The set arrives. It's a 5-6 and flawless. I think my jaw drops into the salt water right then as these foreign waves serenade us, but we are sitting too far in the channel and miss it. Once we adjust our positioning, I catch a wave that runs off without me as the balmy offshore winds waft the liquid salt at my eyes. 

Addressing the issue of the closeout at a point break wave like this is easy enough, though. All you have to do is move closer to the channel where the water is deeper and the waves will stay open longer. It's kind of like having a mechanical dial that allows you to adjust the intensity and speed of the waves you are riding. I love this option because I love a little control over something so unpredictable. Even still, a sneaker set catches us both off guard and I am forced into a back flip with my board clutched desperately between my fingers while duckdiving a wave I could have mistaken for a raging bull. 
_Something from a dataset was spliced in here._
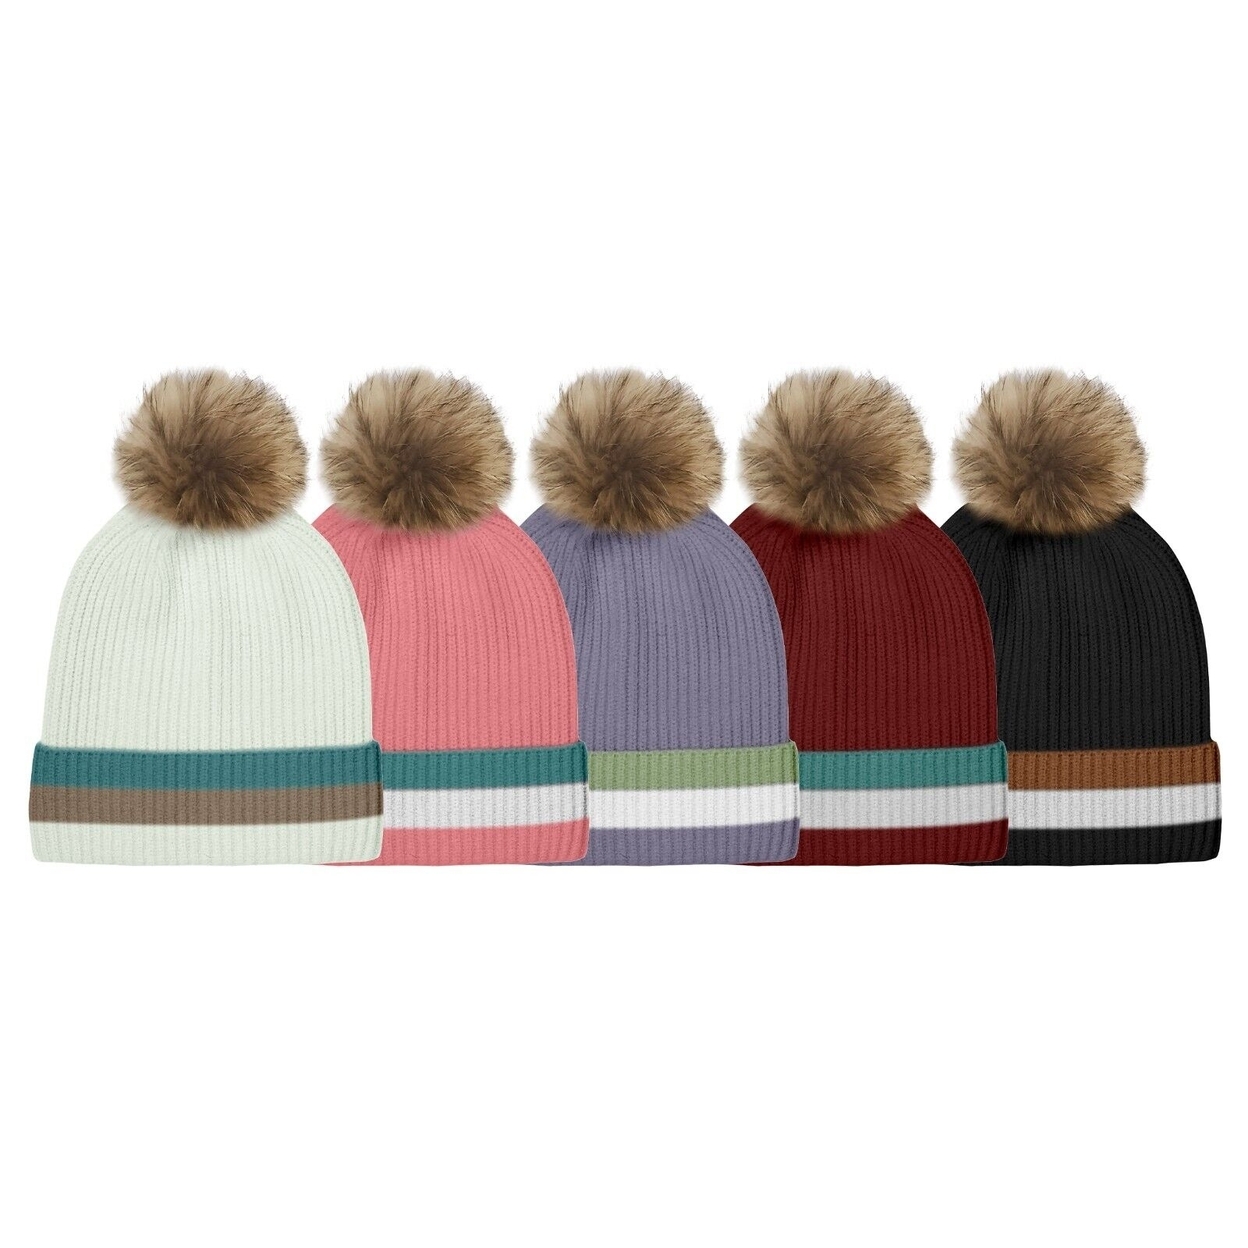 2-Pack: Women's Ultra-Soft Winter Warm Knit Feel Pom Pom Hat W/ Faux Fur Lining - Striped
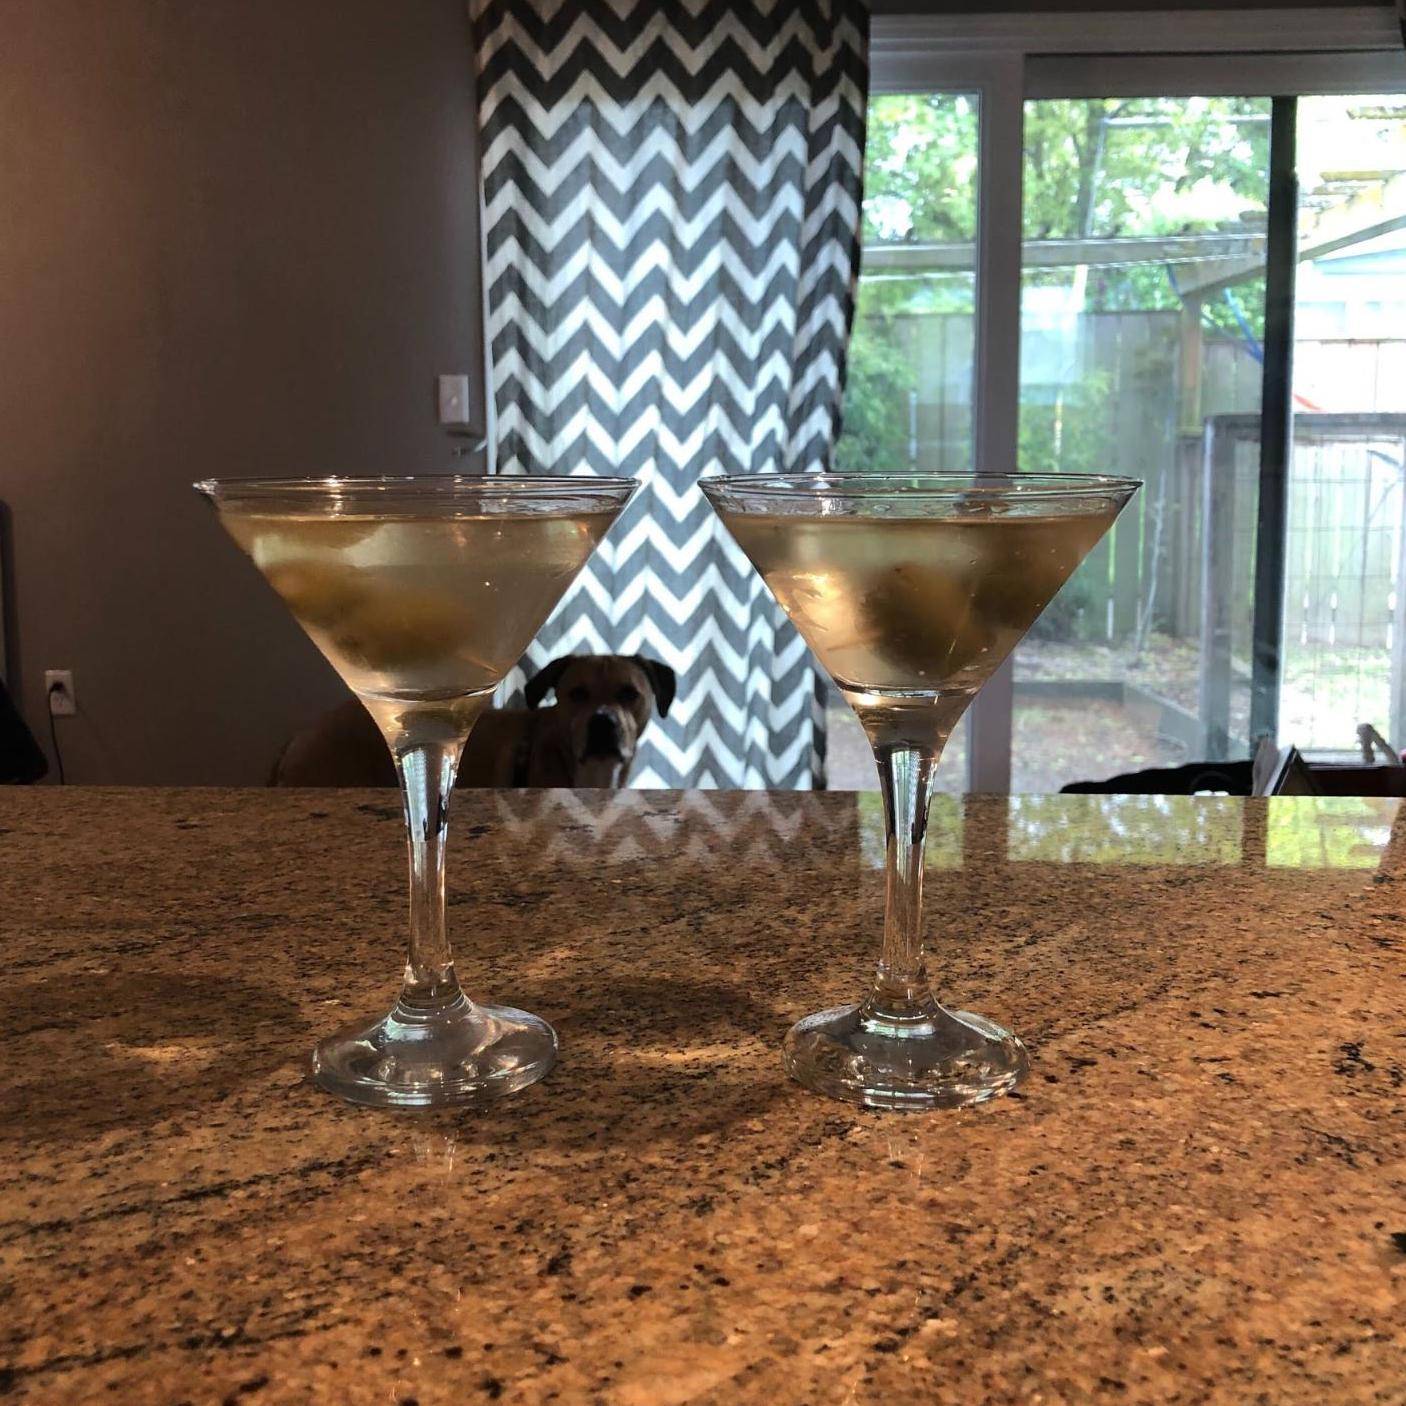 Dirty martinis

And yet, I'm free from the fear and angst that treacherous reef breaks often bring. I feel ready to prove myself out in this new wild blue. These waves have a high demand. They want you to fly fast, they want you to stay low, they try to buck you off. 

I come in on my best ride of the day and takeover camera duty from Scott. The spray from his backside turns pop up unexpectedly behind the wave in front of him like the breath of a whale. He comes in and says "It was like a surf movie out there!"

Being so far from home feels like a test of everything I've learned from surfing before and maybe everything life has taught me, too. 
{the following are screen shots from some video we shot. video to come.}

1. and 2. dad
3. and 4. dev
5. danielle
6. and 7. scott

Trip tale index:


  1. Man, that water is so blue and beautiful! I love the pictures and narrative you provided--it's like listening to your thoughts:)

  2. Loving these posts from your trip. Beautifully flowing.

  3. I know absolutely nothing about surfing but when I read your posts, I feel like I'm right there with you! Love it!

  4. Wowie! I've never surfed but your posts always make me want to try it, but until that can happen I love getting to feel like I'm living vicariously through your water-loving life.